If the trade war between the US and China escalates, the consequences for the UK economy would be far starker than any Brexit outcome, according to Bank of England governor Mark Carney.

Speaking in Newcastle, Mr Carney (pictured) said any restriction on global trade caused by higher tariffs was negative for global growth, although the relatively small part of UK economic activity that comes from exports means the British economy would be relatively unscathed.

But he said if tariffs were to be imposed globally, rather than just between China and the US, then the UK would face “substantial” consequences.

Mr Carney said the impact of tariffs would be to make the cost of imported goods into the UK rise, stoking inflation, but also to damage consumer and business confidence, hurting economic growth.

The Bank of England governor said this creates a problem for policy makers. The traditional response to higher inflation is to put interest rates up, but if inflation is rising because of tariffs, then economic growth will be declining, so the central bank won’t want to put interest rates up, meaning inflation remains high.

He said while that scenario has already occurred as a result of Brexit, with inflation rising and growth falling, the UK economy has so far gained from interest rates being low around the world, boosting demand for UK exports.

But if tariffs are imposed globally, interest rates will rise as some countries respond to the trade war by trying to tackle inflation, and there will be less demand for exports, creating a worse scenario for the UK economy than is currently the case, he said.

Mr Carney’s comments come as the US announced on 11 July a plan to impose tariffs on £150bn of Chinese goods, in addition to the existing tariffs on £25bn worth of goods.  

Luca Paolini, chief strategist at Pictet Asset Management, said a trade war would tip the world into the economic conditions known as stagflation, where inflation is persistently high, and growth persistently low.

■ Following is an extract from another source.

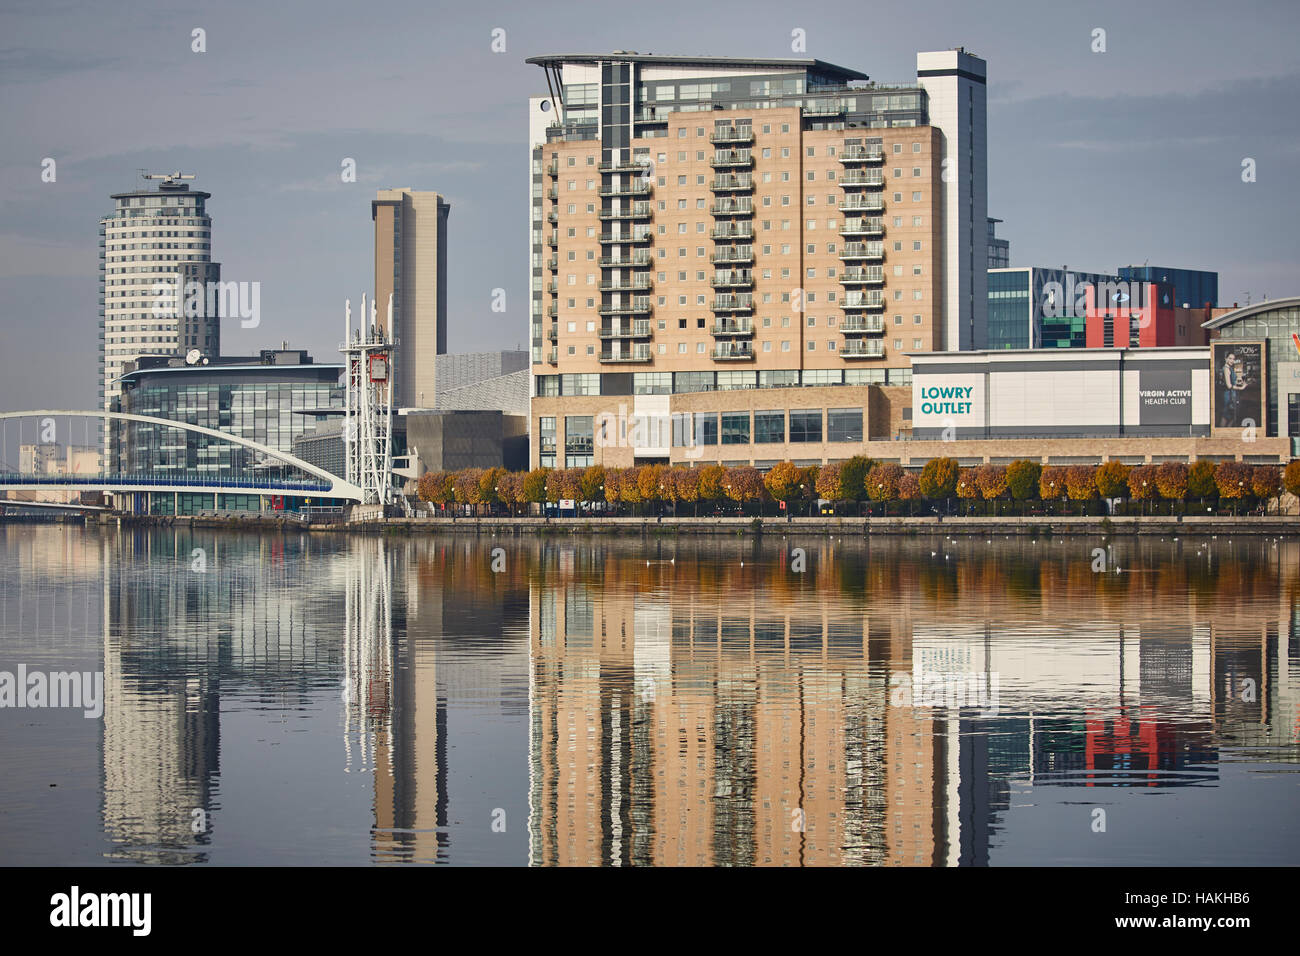 Manchester Salford Quays landscape   Industrial revolution dock salford quays Ship Canal Lowry outlet Mediacity urban scape water front reflection reg Stock Photo

From an investment point of view, Simon Edelsten, who runs the £92m Artemis Global Select fund, which has returned 80 per cent over the past five years to 10 July compared with 62 per cent for the average fund in the IA Global sector in the same time period, said it is relatively easy for investors to know which parts of the stock market will suffer as a result of tariffs and therefore it is easy to find stocks that will not be affected.

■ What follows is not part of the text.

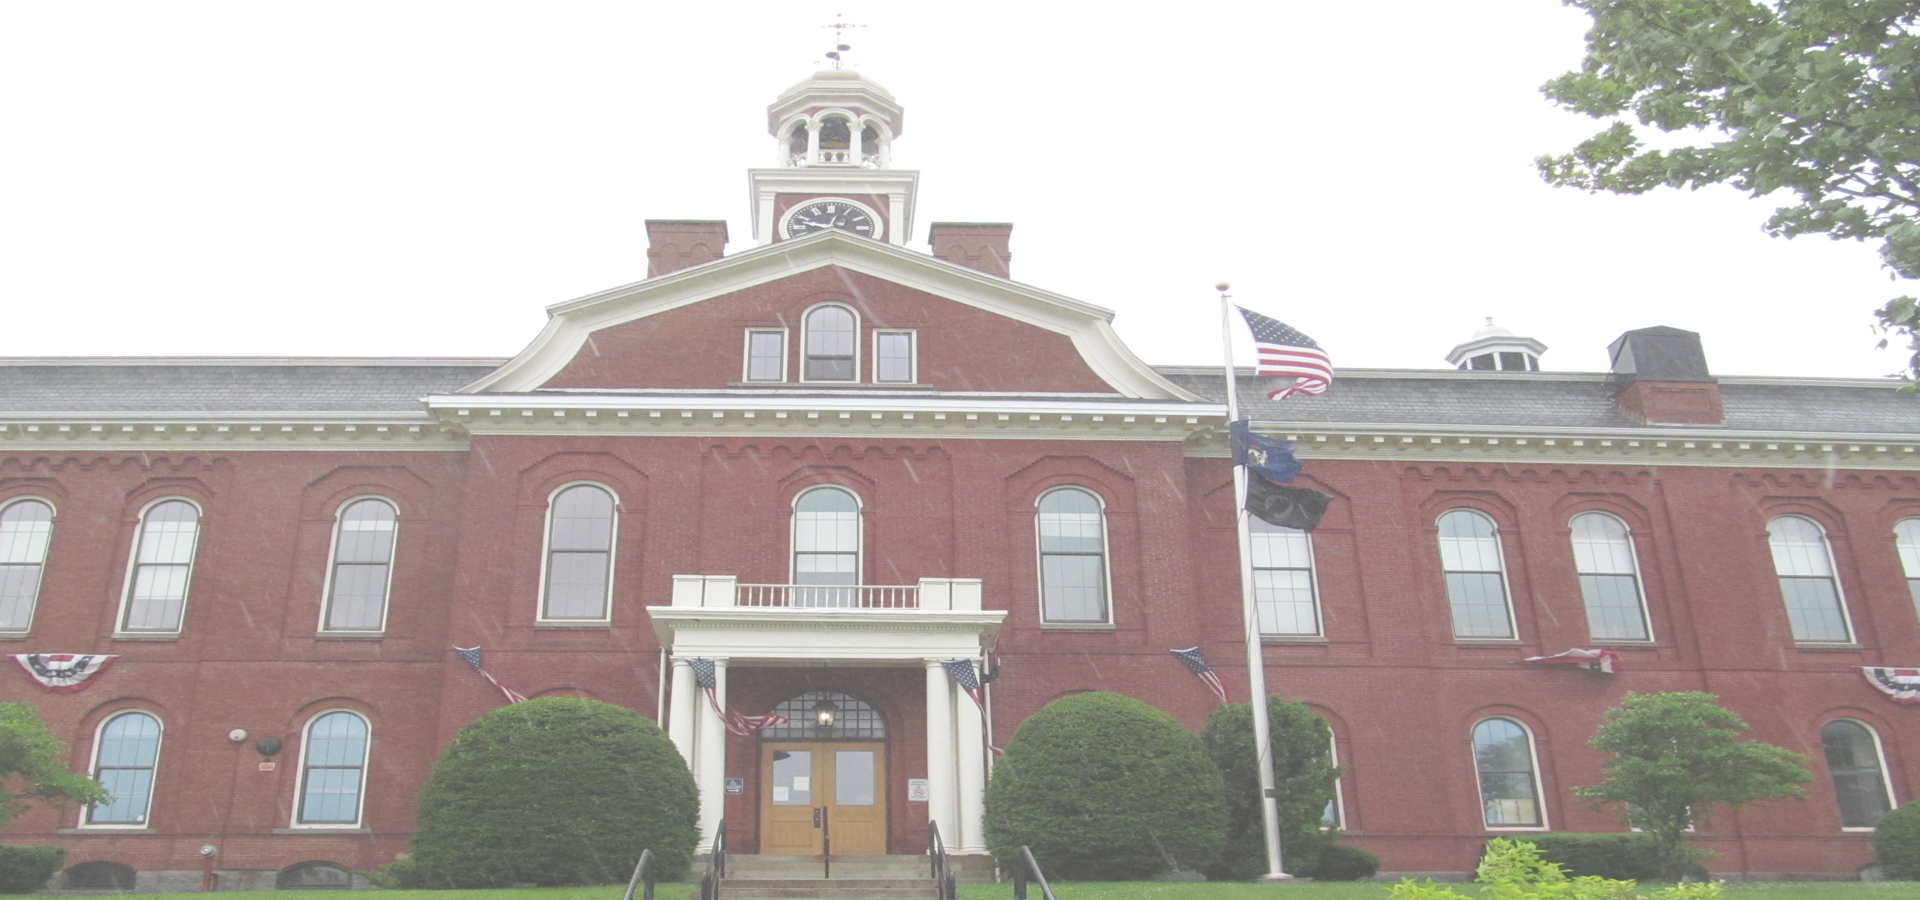 Aroostook County Courthouse, State of Maine

He said companies in the medical technology and tourism areas of the market will be relatively unscathed, but he sold companies such as Proctor and Gamble and Unilever, which are dependant on global trade.

He has very little invested in UK shares as he feels few of the companies listed on the FTSE are capable of growing regardless of the health of the wider economy.

Jonathan Davis, who runs Jonathan Davis Wealth Management in Hertford, said he has for some time been investing on the basis that inflation will rise.